L’arrêt « Diebold » tient compte de la transparence juridique et fiscale, en droit néerlandais, d’une CV néerlandaise. La décision Artémis permet de penser que c’est la transparence (ou la personnalité) juridique qui est déterminante, non la transparence fiscale.

 

Sur le terrain de la convention fiscale franco-américaine du 31 août 1994, la décision Artémis apporte une intéressante précision sur l’interprétation de son article 7§4, et plus généralement sur la portée des conventions fiscales internationales.

L’article 7§4 traite spécifiquement des partnerships en stipulant que : « Un associé d’un partnership est considéré comme ayant réalisé des revenus (…) dans la mesure de sa part du partnership telle qu’elle est prévue par l’accord d’association (…). Le caractère – y compris la source et l’imputabilité à un établissement stable – de tout élément de revenu (…) attribuable à un tel associé est déterminé comme si l’associé avait réalisé ces éléments de revenu (…) de la même manière que le partnership les a réalisés ou en a bénéficié ».

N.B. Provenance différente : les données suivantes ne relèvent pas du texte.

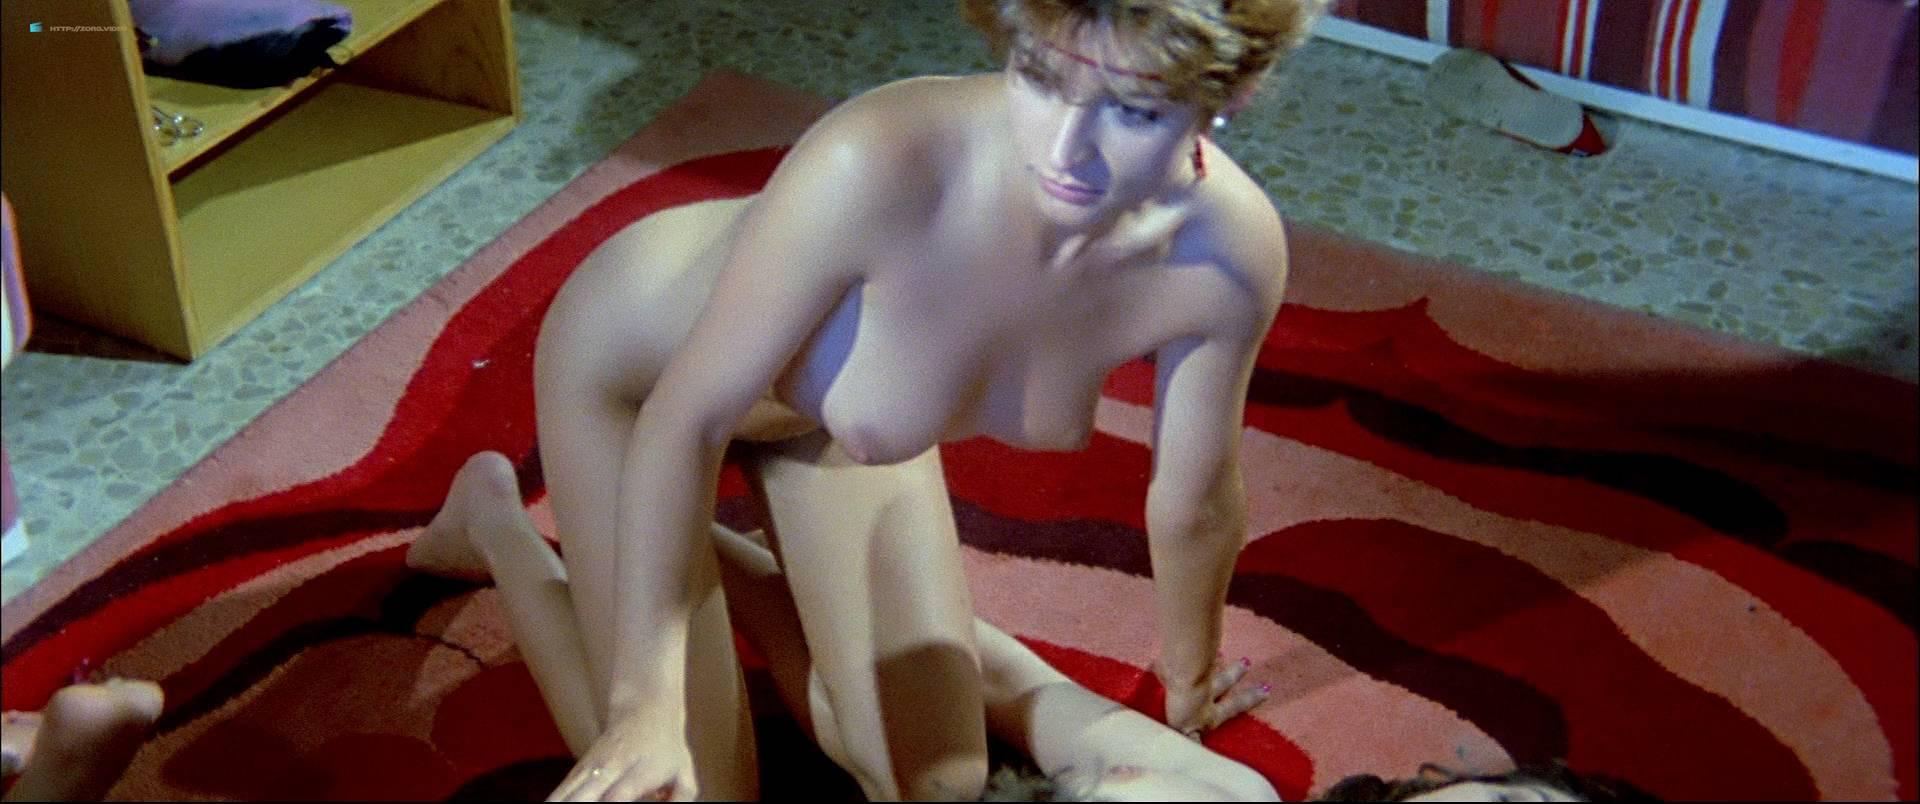 Lina Romay nude full frontal Mari Carmen Nieto, Alicia Príncipe nude too - Night of 1,000 Sexes (SP-1984) HD 1080p BluRay (13)

Le Conseil d’État juge que cette clause ne concerne que la répartition du pouvoir d’imposer entre les États et n’affecte pas l’application du régime mère-fille français. L’effet de cette clause est donc seulement de déterminer que le dividende en cause est un dividende de source américaine versé à un résident français pour l’application des règles de répartition posées par la convention. Cette analyse est intéressante sur la portée des conventions fiscales, en posant en principe que, sauf indication expresse visant le droit interne, une clause de convention fiscale doit être lue comme ne concernant que la répartition du pouvoir d’imposer.